ASSIGNMENT
Apart from the pictures, print the data below exactly as given.

== EXERCISE DATA ==

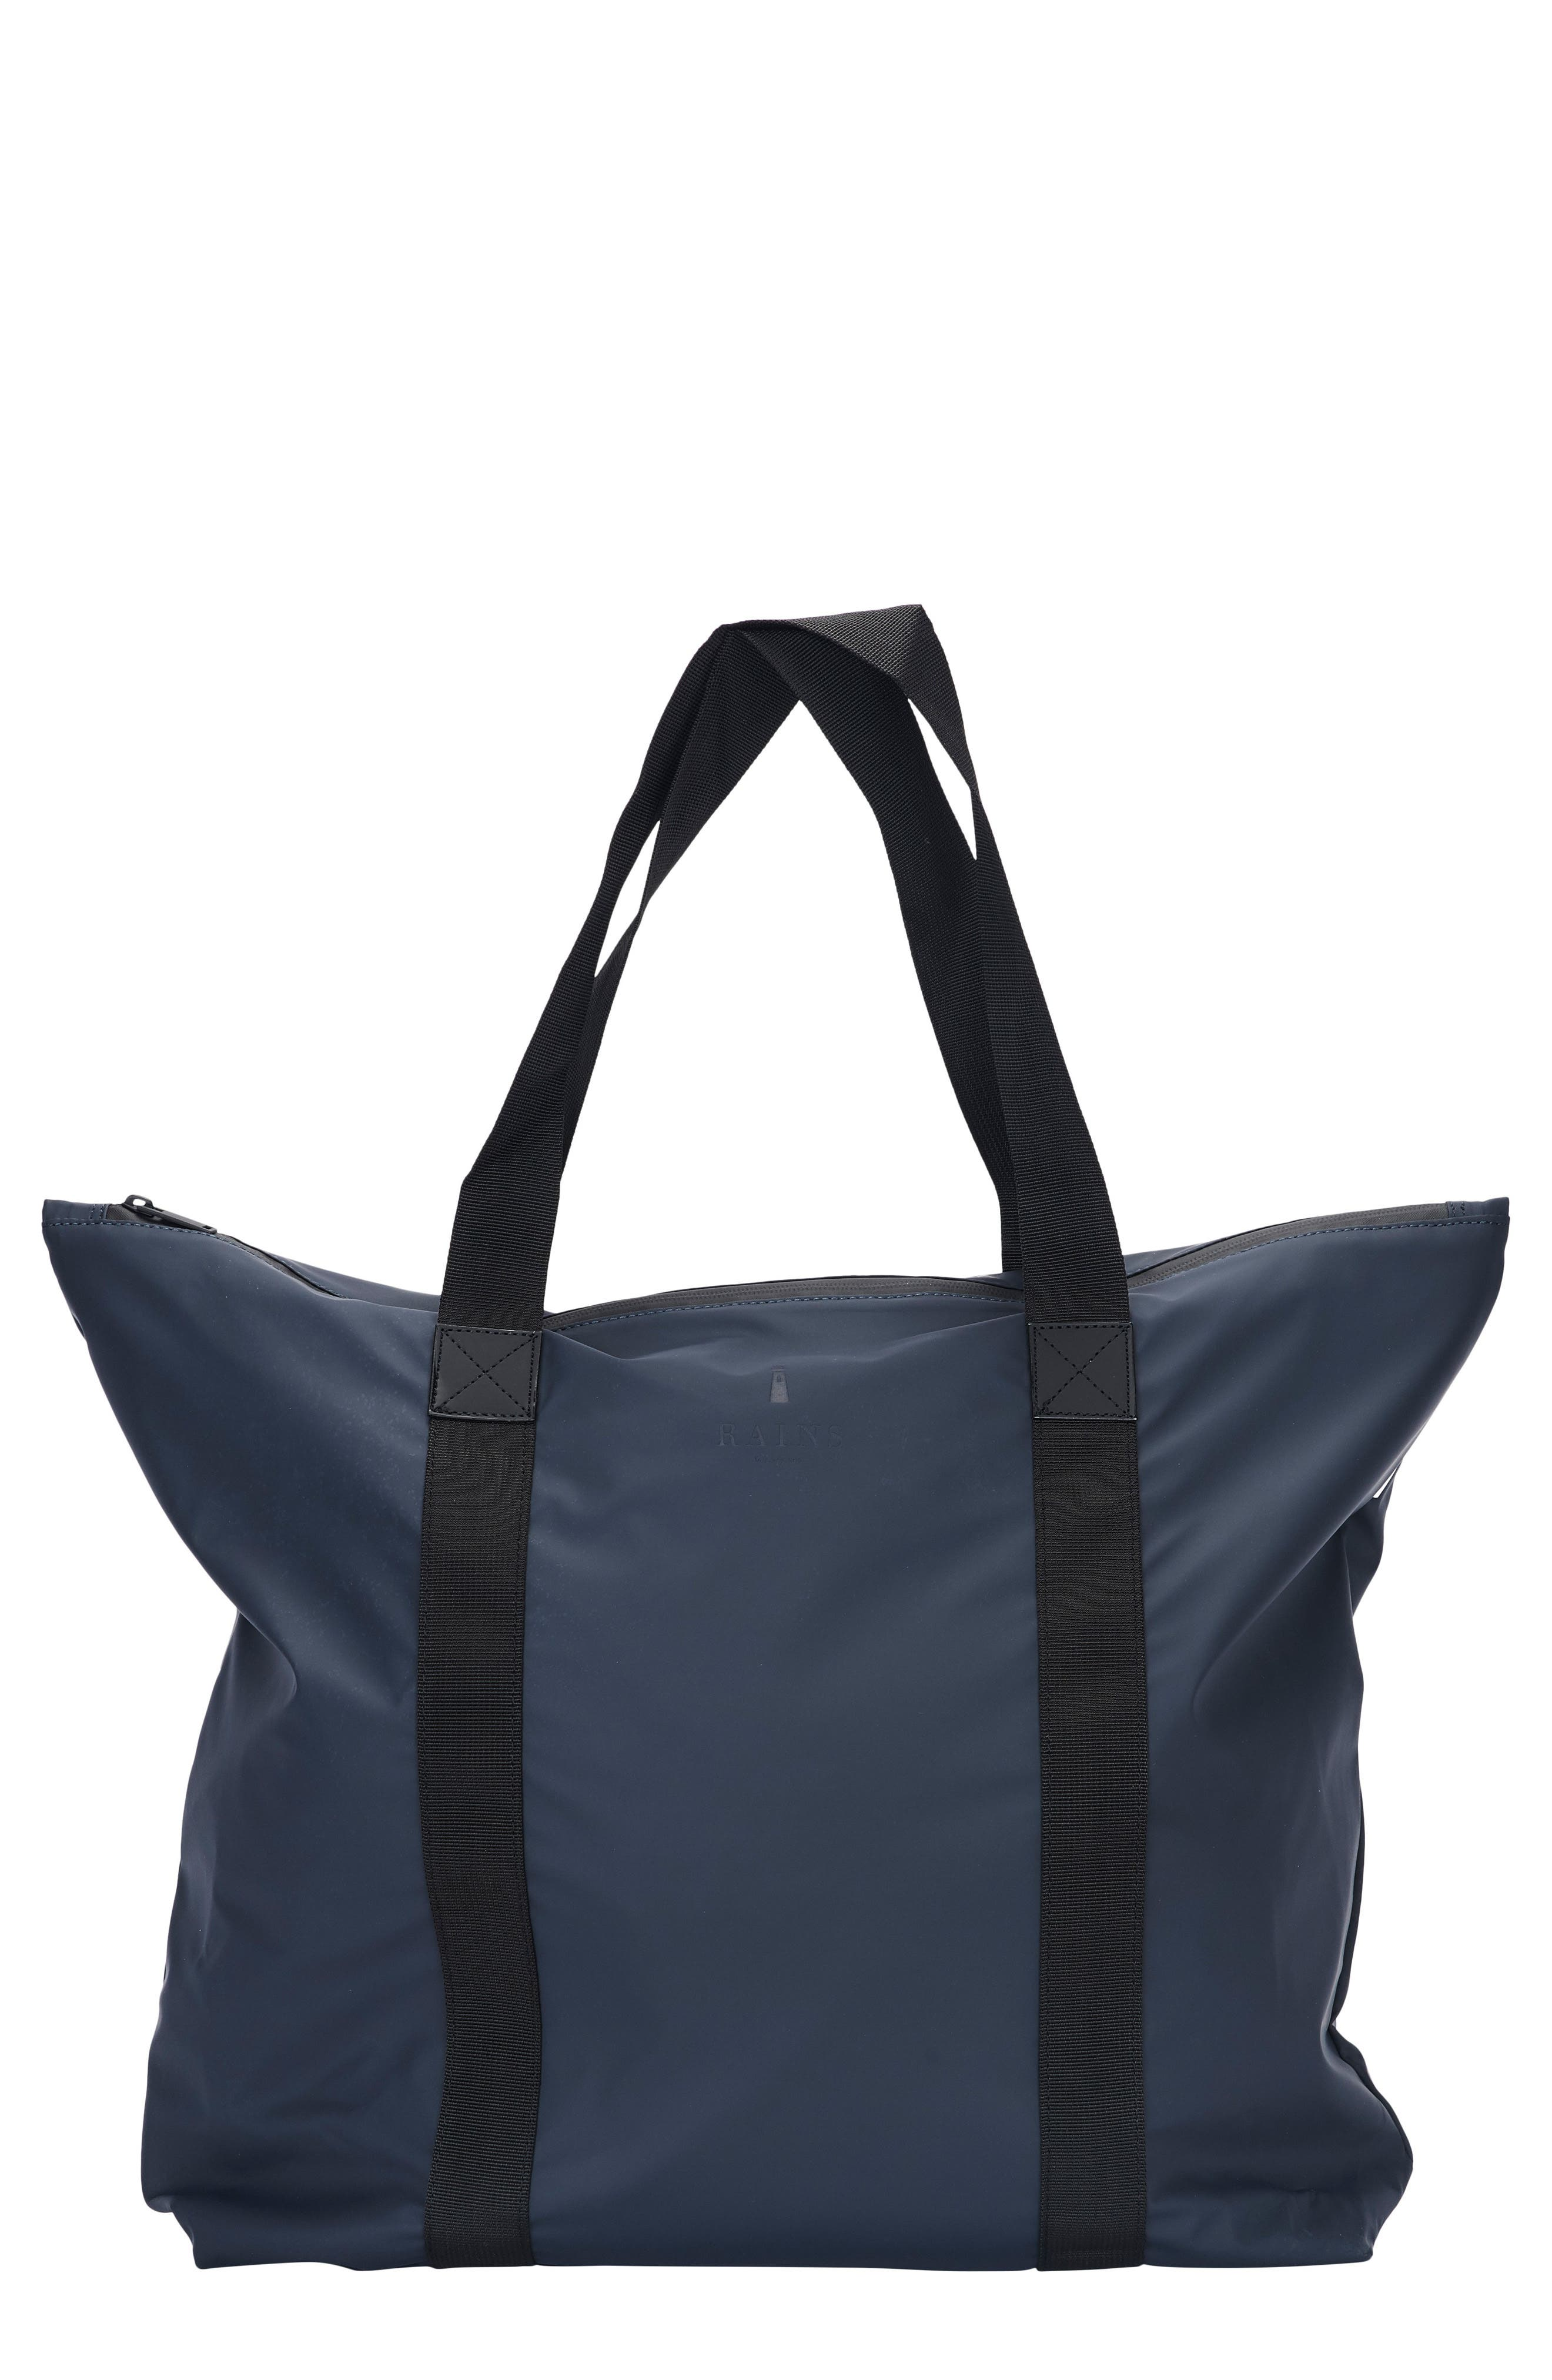 Waterproof Tote Bag,                         Main,                         color, Blue
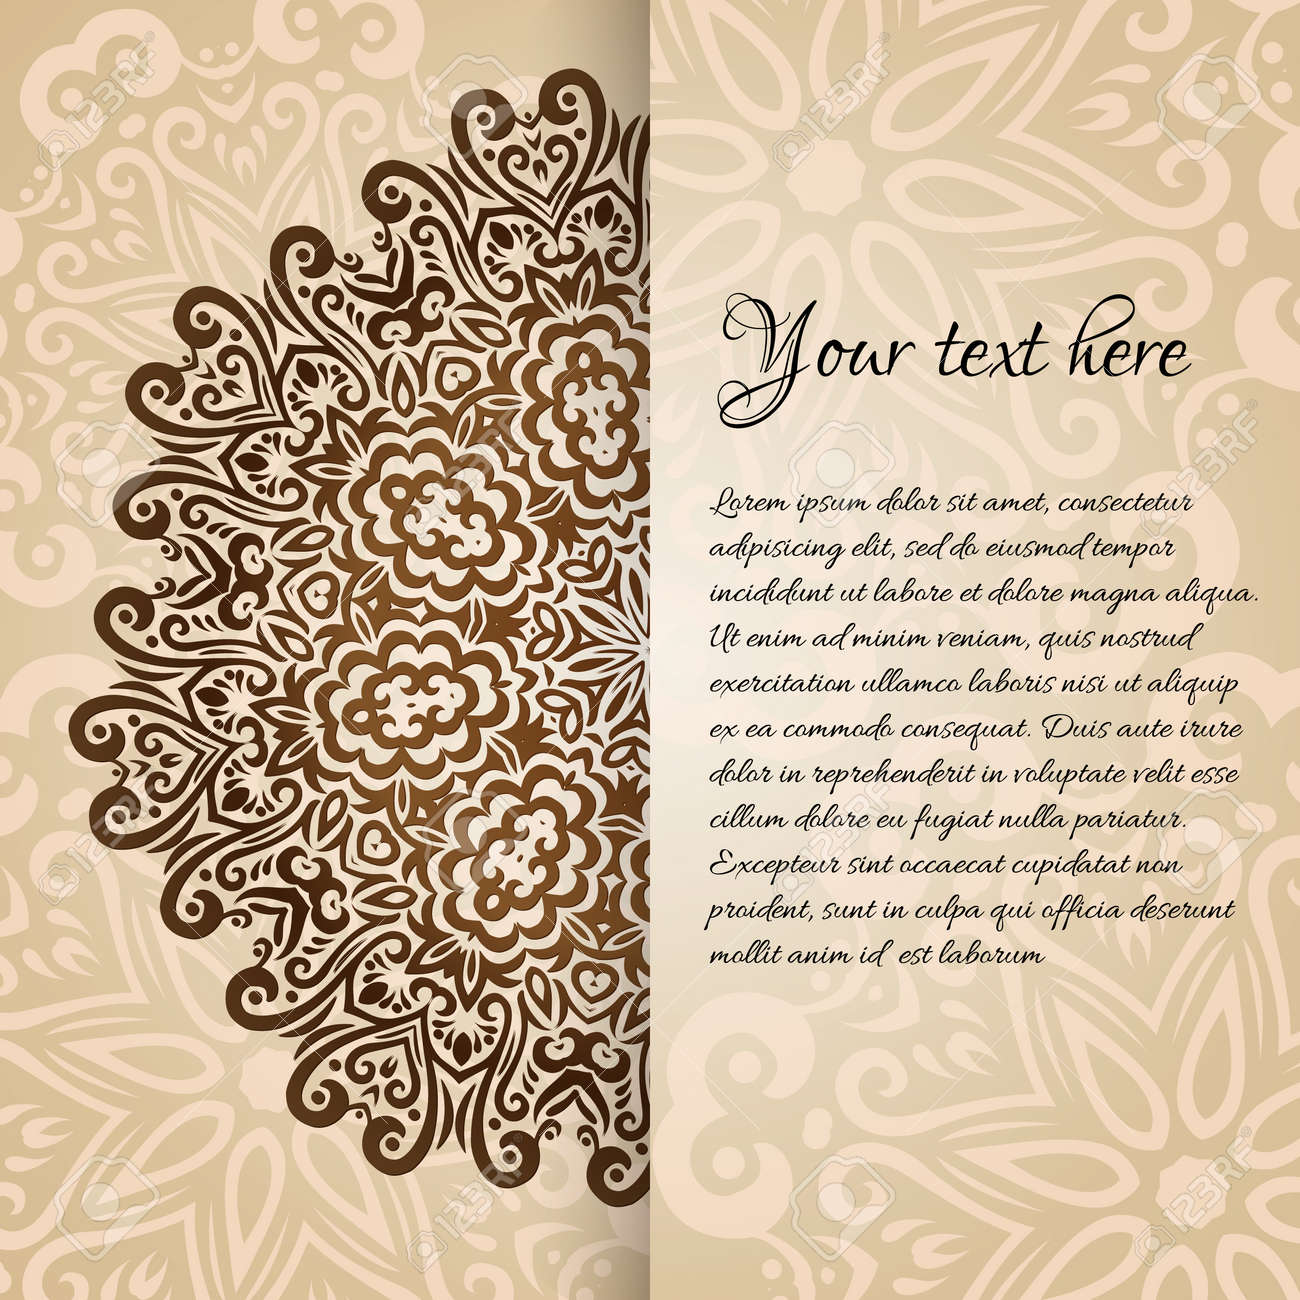 Lacy Vector Wedding Card Template Romantic Vintage Wedding Invitation
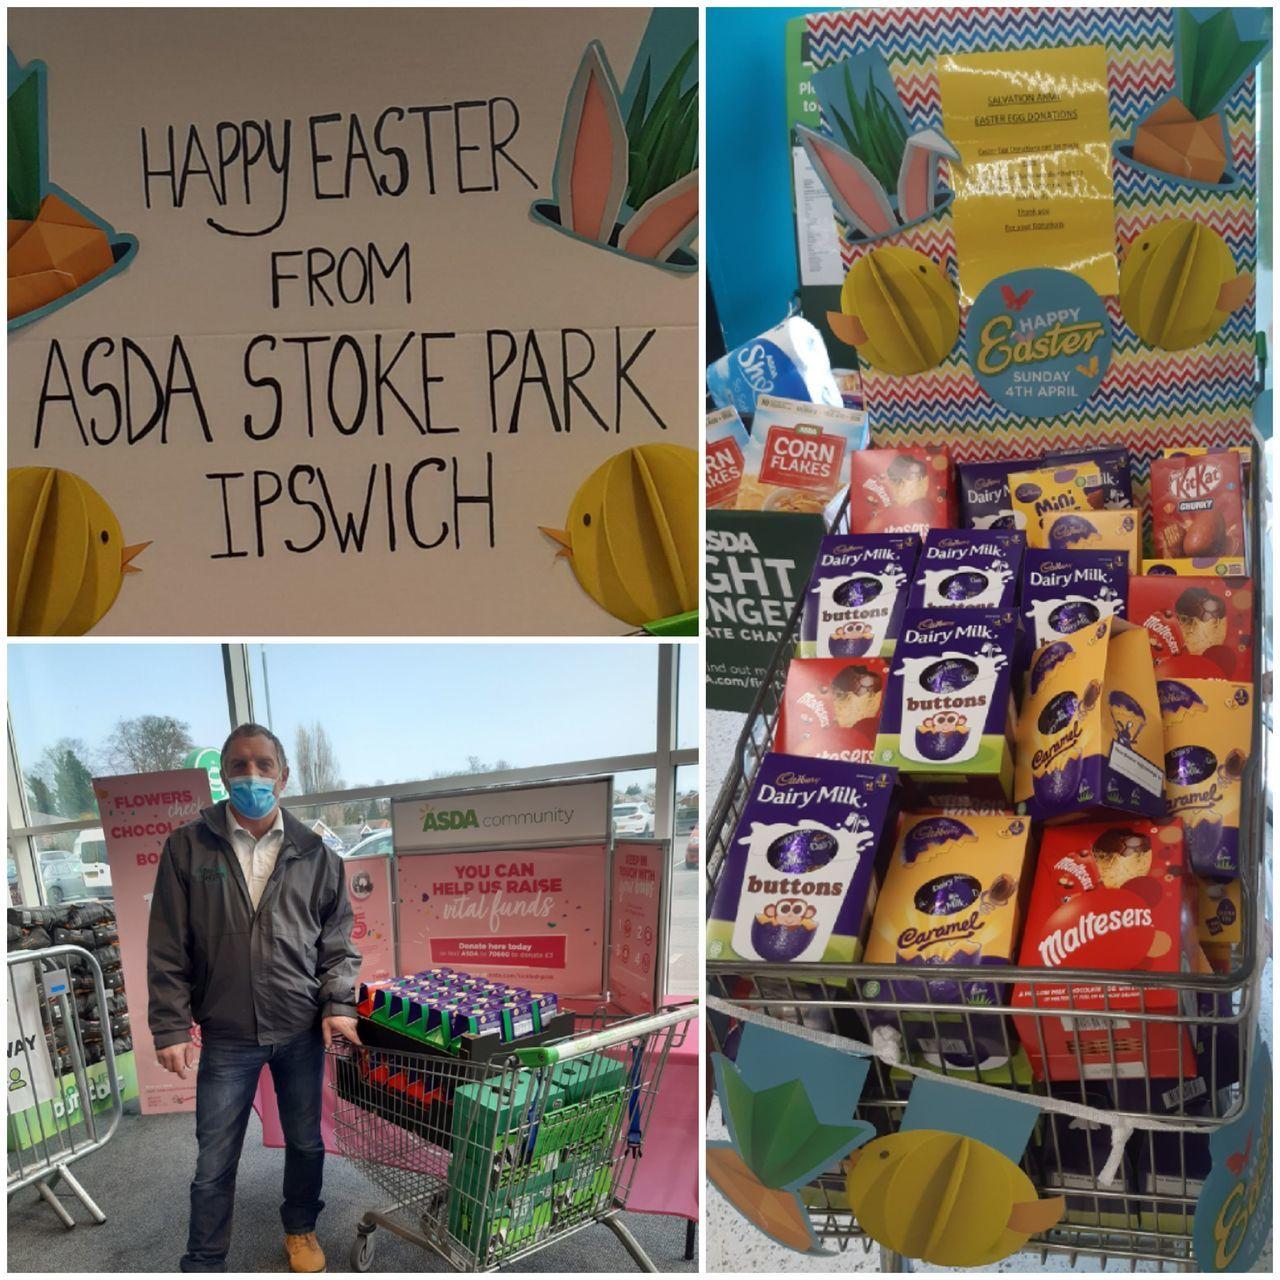 Happy Easter from Stoke Park Ipswich | Asda Ipswich Stoke Park

===

EXERCISE OUTPUT
 Waterproof Tote Bag,                         Main,                         color, Blue
 Lacy Vector Wedding Card Template Romantic Vintage Wedding Invitation
 Happy Easter from Stoke Park Ipswich | Asda Ipswich Stoke Park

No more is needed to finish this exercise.